EXERCISE GOAL:
Only text belongs in your copy of the listing below; reproduce it exactly and leave out the pictures.

INFORMATION PROVIDED:
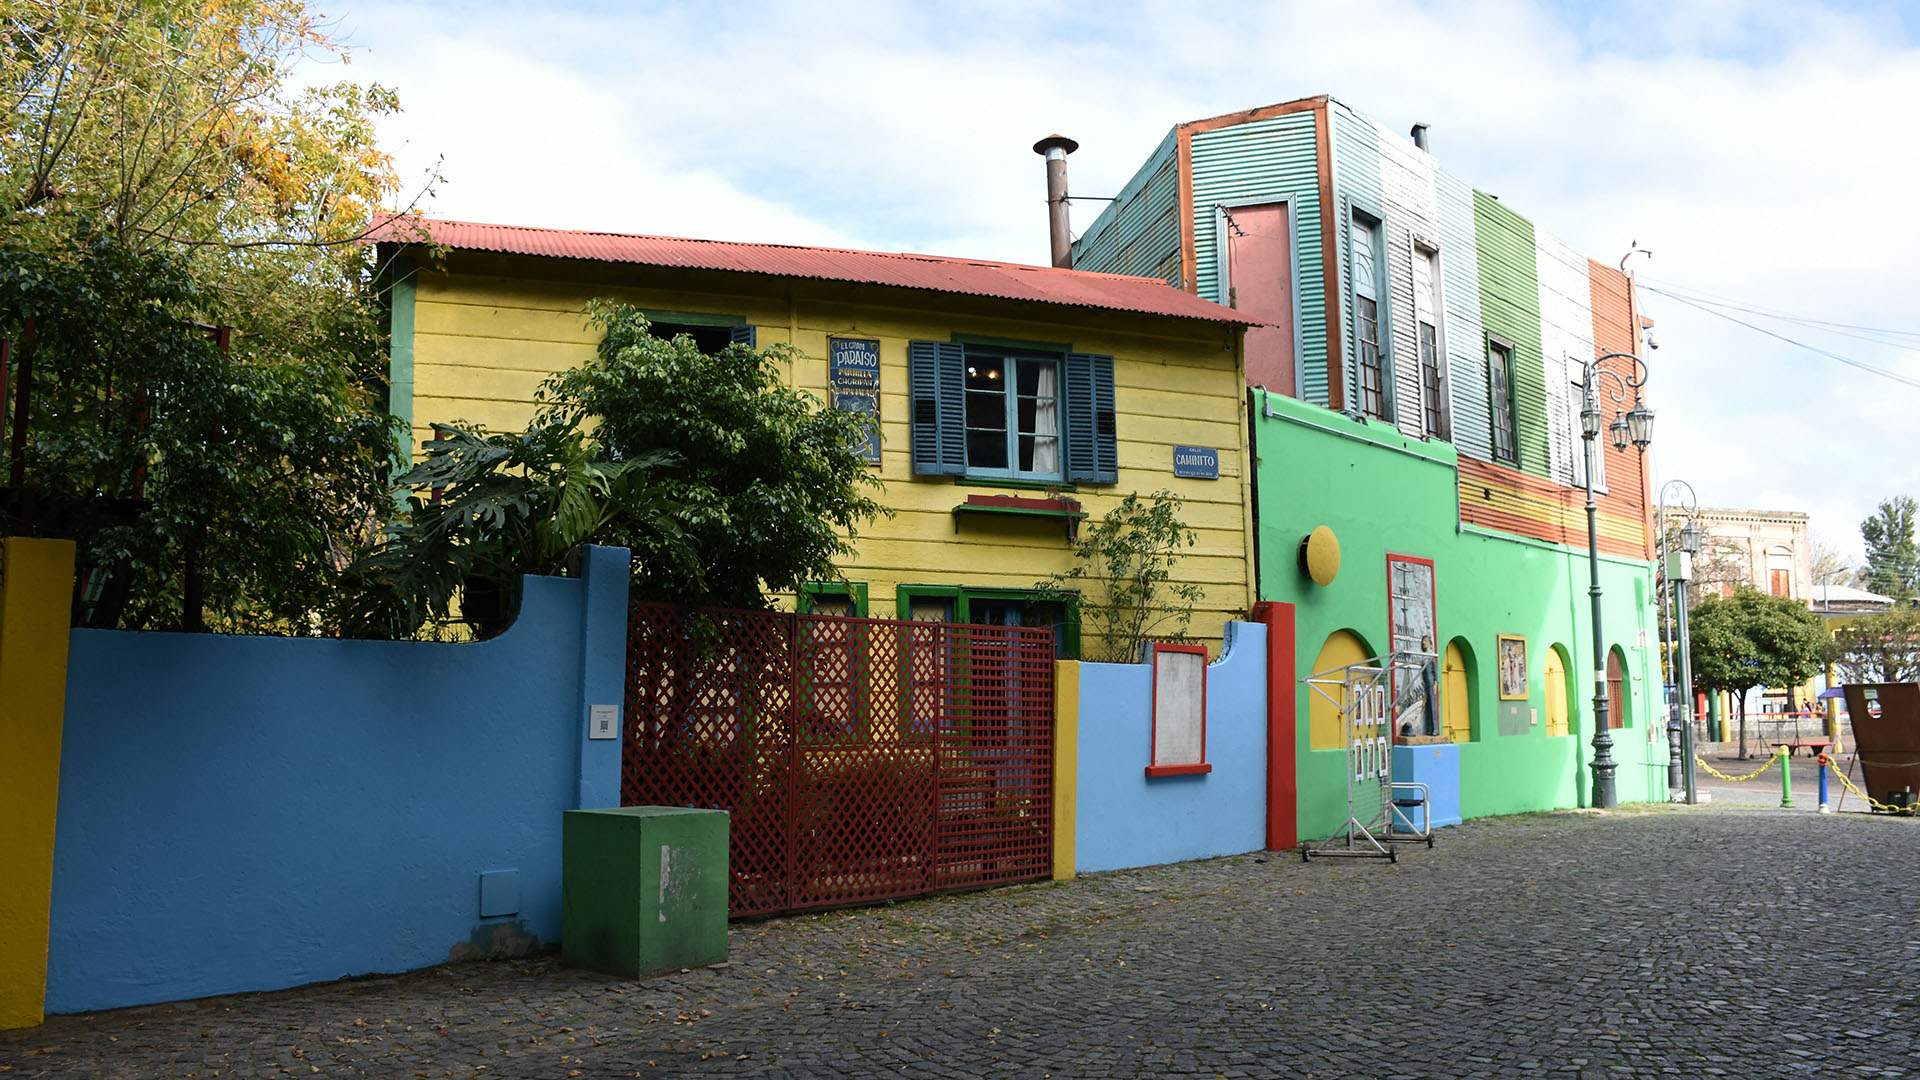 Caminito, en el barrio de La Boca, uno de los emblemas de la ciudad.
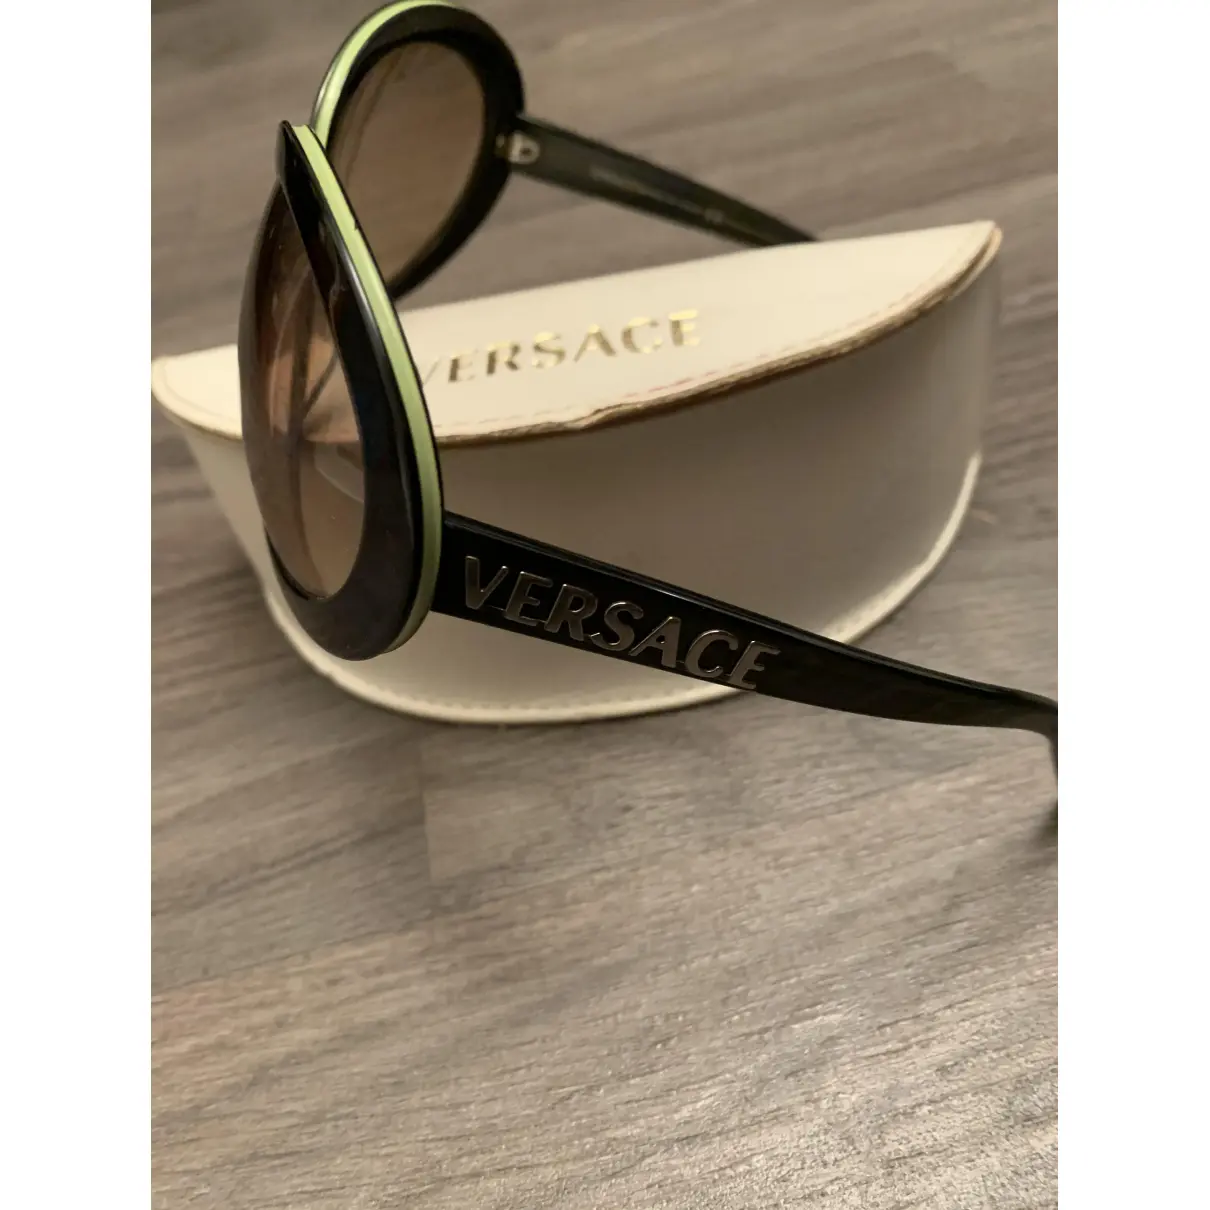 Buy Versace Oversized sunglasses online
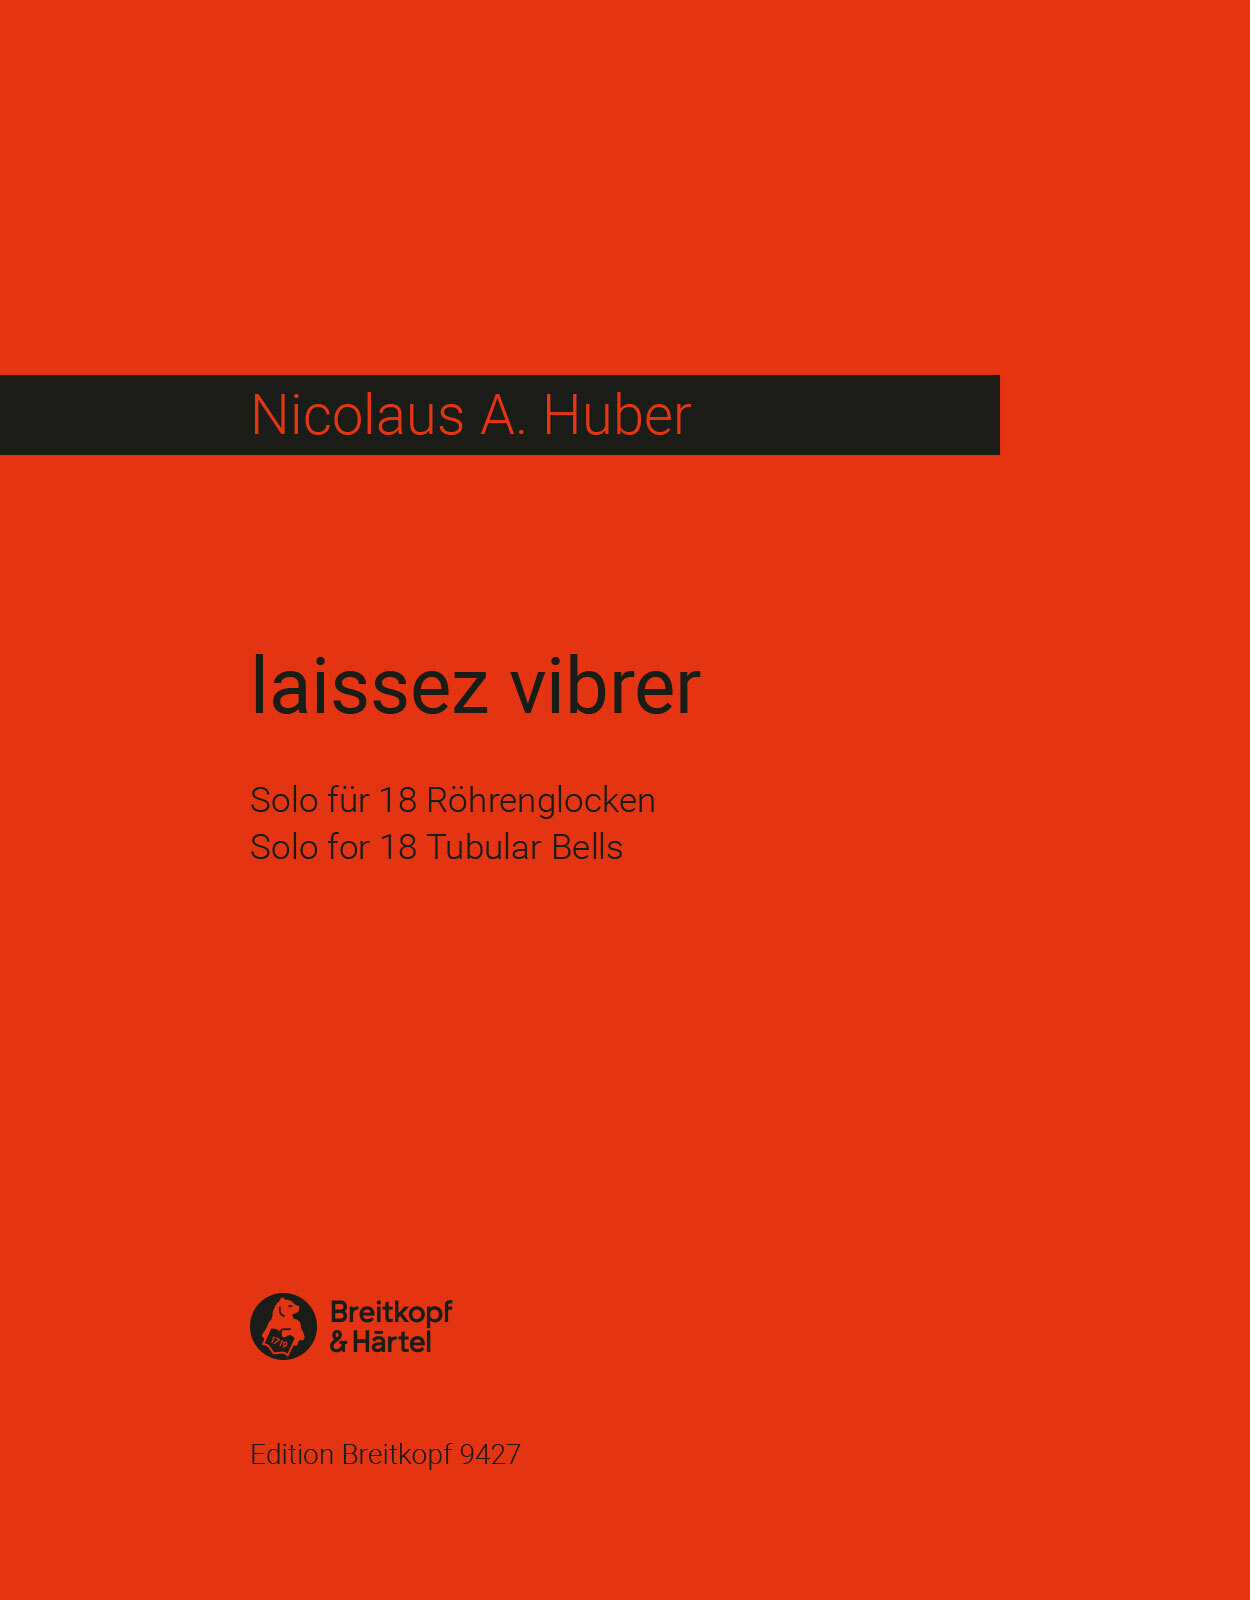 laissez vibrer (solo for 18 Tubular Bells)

RESPONSE BELOW:
 Caminito, en el barrio de La Boca, uno de los emblemas de la ciudad.
 Buy Versace Oversized sunglasses online
 laissez vibrer (solo for 18 Tubular Bells)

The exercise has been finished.